BISNIS.COM, JAKARTA—Neraca Pembayaran Indonesia (NPI) diperkirakan kembali ke tren surplus setelah ada kejelasan mengenai kebijakan bahan bakar minyak bersubsidi.
Hartadi Agus Sarwono, Deputi Gubernur Bank Indonesia, mengatakan kejelasan mengenai kebijakan BBM bersubsidi akan meningkatkan kepercayaan pasar terhadap kondisi perekonomian dalam negeri.
Peningkatan kepercayaan pasar, lanjutnya, akan berdampak pada meningkatnya arus modal yang masuk sehingga mendongkrak kinerja neraca transaksi modal dan finansial.
Selain itu, keputusan yang tepat terkait dengan BBM bersubsidi diharapkan mampu memperbaiki neraca perdagangan dalam negeri sehingga akan mengurangi tekanan pada neraca transaksi berjalan.

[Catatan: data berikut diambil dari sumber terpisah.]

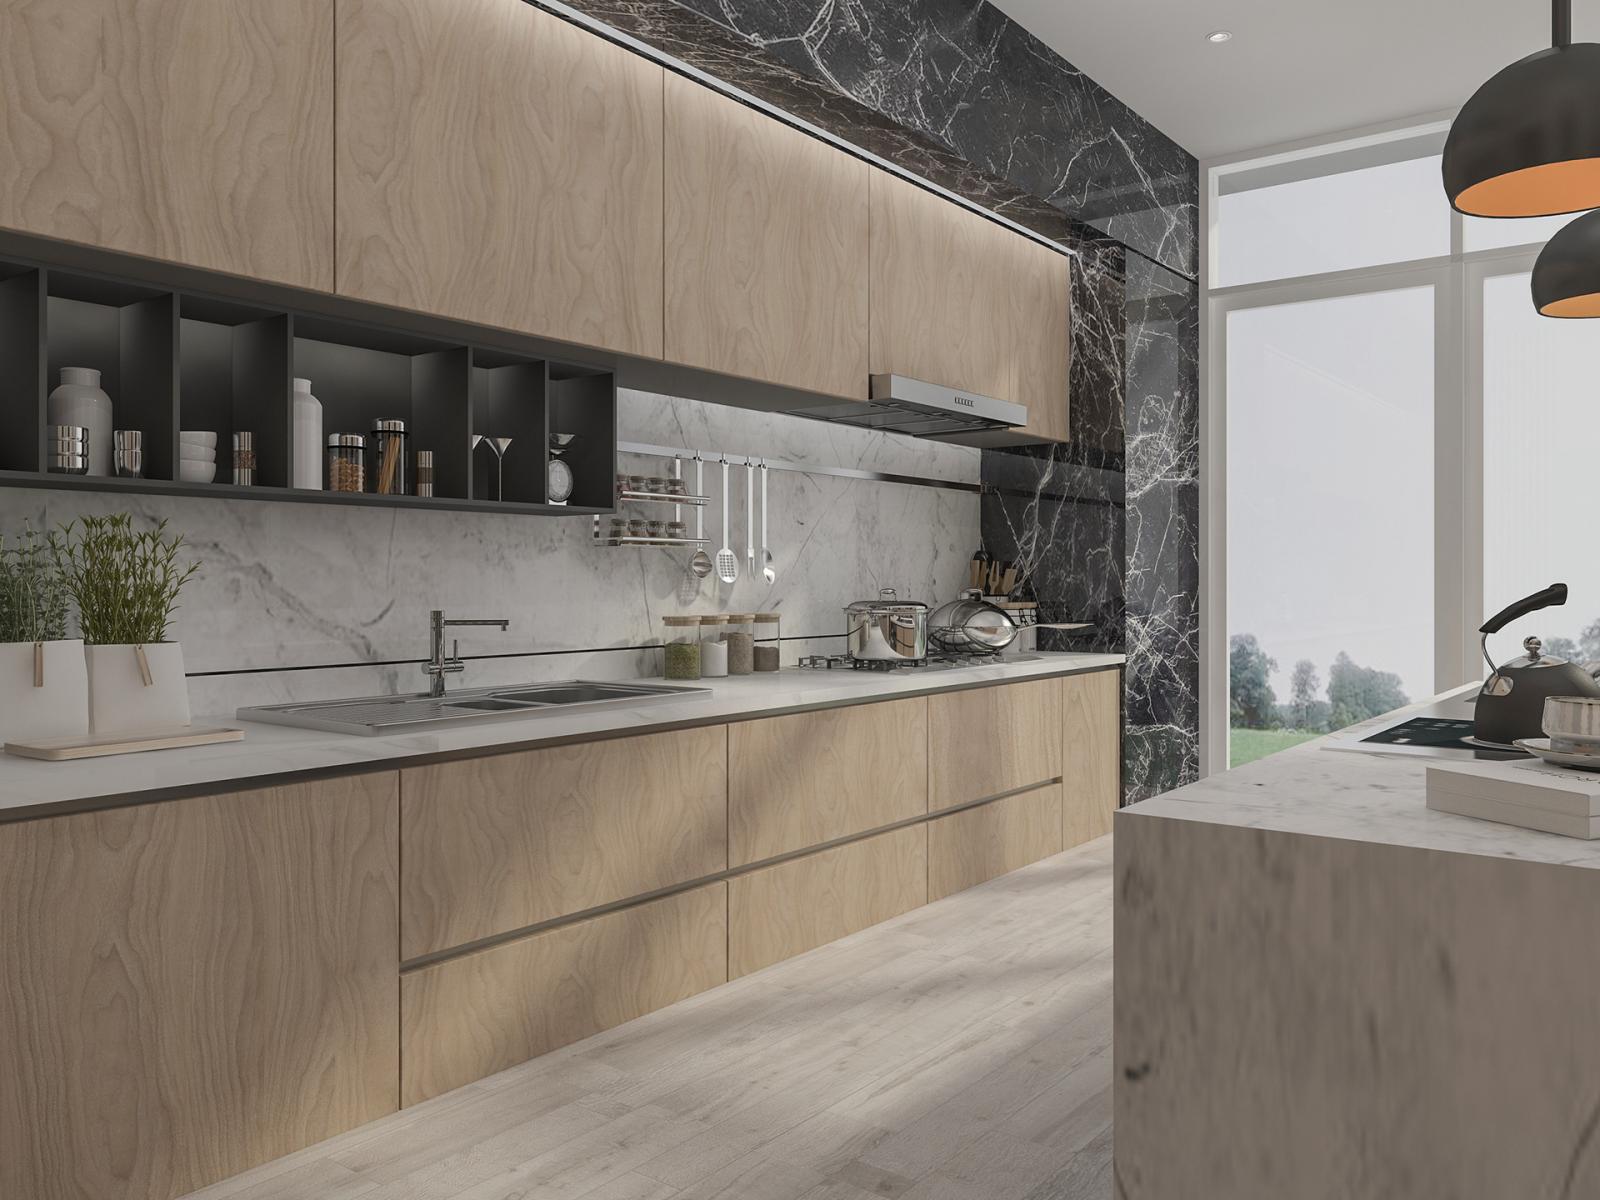 Hình ảnh phòng bếp hiện đại với tủ gỗ, đường viền bằng đá cẩm thạch màu đen sang trọng

Pasalnya, neraca perdagangan Indonesia belum menunjukkan kinerja yang baik karena surplus neraca perdagangan nonmigas tidak mampu menutupi defisit neraca perdagangan migas, yang sebagian besar disumbangkan oleh importasi minyak.
“Yang penting ada kejelasan [kebijakan BBM subsidi] yang akan memperbaiki transaksi berjalan, termasuk transaksi modal. Kejelasan kebijakan akan menambah kepercayaan investor sehingga [NPI] akan kembali ke tren surplus,” katanya di DPR, Selasa (21/5/2013).
Investor asing mulai menaruh perhatian terhadap kebijakan BBM bersubsidi di Indonesia. Hal tersebut tercermin dari penilaian Standard&Poor's (S&P) dan Moody's Investors Service. S&P telah menurunkan outlook profil utang Indonesia, sementara Moody's mengancam akan menurunkan outlook-nya juga akibat ketidakjelasan kebijakan BBM bersubsidi.
Berdasarkan data Bank Indonesia, NPI kuartal I/2013 mencatatkan defisit sebesar US$6,6 miliar. Padahal, NPI telah mencatatkan tren surplus setidaknya dalam dua kuartal sebelumnya, yang masing-masing US$834 juta pada kuartal III/2012 dan US$3,2 miliar pada kuartal IV/2012. Adapun, defisit NPI pada kuartal I/2013 merupakan defisit terbesar setidaknya sejak 2008.